I want to calculate hessian matrix of tensorflow.keras.Model
for high order derivates, i tried nested GradientTape.# example graph, and inputs
xs = tf.constant(tf.random.normal([100,24]))
ex_model = Sequential()
ex_model.add(Input(shape=(24)))
ex_model.add(Dense(10))
ex_model.add(Dense(1))
with tf.GradientTape(persistent=True) as tape:
tape.watch(xs)
ys = ex_model(xs)
g = tape.gradient(ys, xs)
h = tape.jacobian(g, xs)
print(g.shape)
print(h.shape)
---------------------------------------------------------------------------
AttributeError Traceback (most recent call last)

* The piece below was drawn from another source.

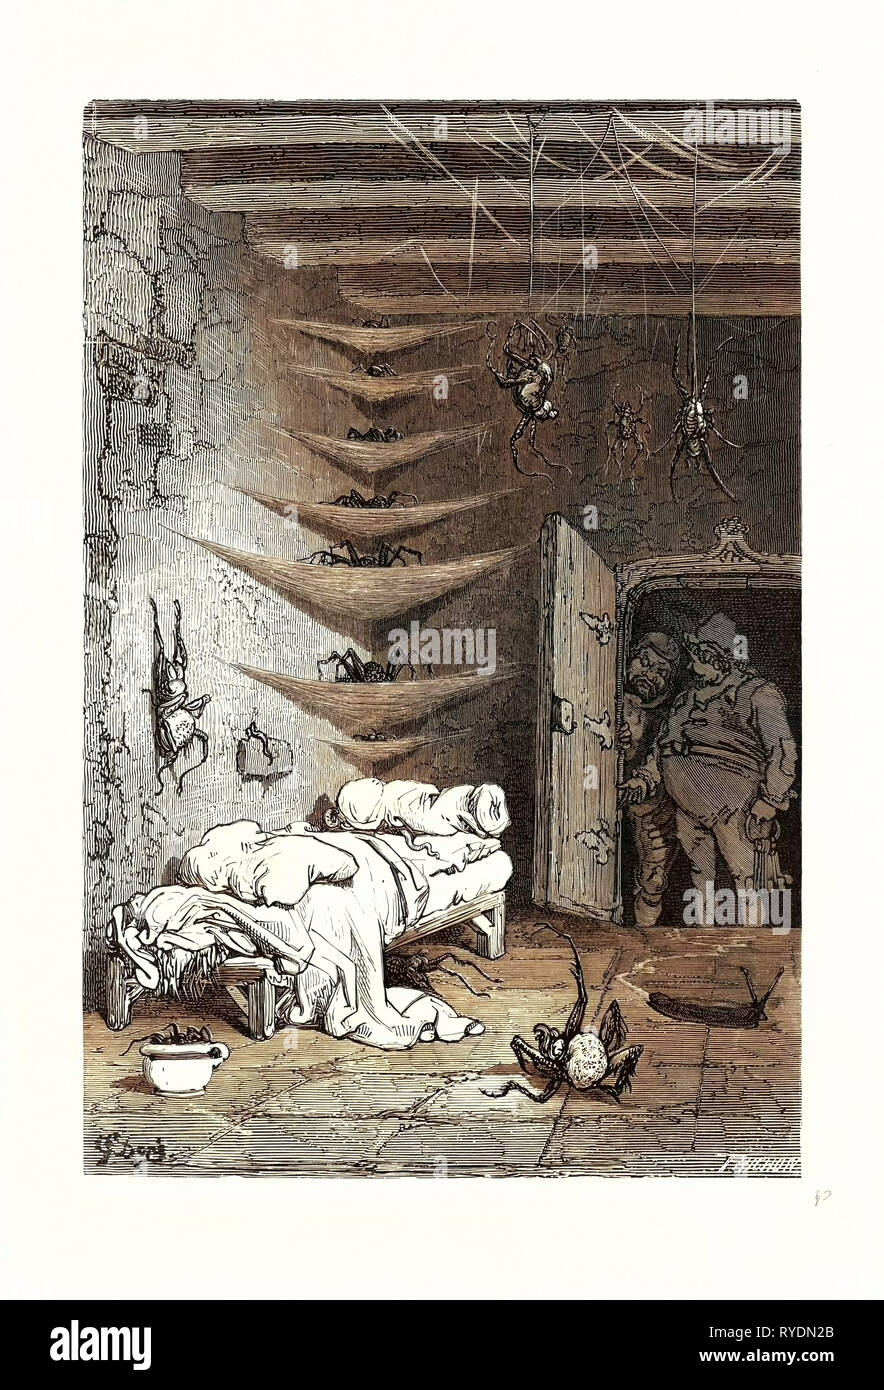 Il letto di ricambio presso il coccodrillo, da Gustave Dore. Una scena dalla leggenda Croquemitaine, da Thomas Hood il giovane. 1832 - 1883, francese, 1870, arte, artista, romanticismo, Colore, incisione a colori Foto Stock

<ipython-input-20-dbf443f1ddab> in <module>
5 h = tape.jacobian(g, xs)
6 print(g.shape)
----> 7 print(h.shape)
AttributeError: 'NoneType' object has no attribute 'shape'
And, another trial...
with tf.GradientTape() as tape1:
with tf.GradientTape() as tape2:
tape2.watch(xs)
ys = ex_model(xs)
g = tape2.gradient(ys, xs)
h = tape1.jacobian(g, xs)
print(g.shape)
print(h.shape)
(100, 24)
---------------------------------------------------------------------------
AttributeError Traceback (most recent call last)
<ipython-input-17-c5bbb17404bc> in <module>
7
8 print(g.shape)
----> 9 print(h.shape)
AttributeError: 'NoneType' object has no attribute 'shape'
why i cannot calculate gradient of g wrt x ?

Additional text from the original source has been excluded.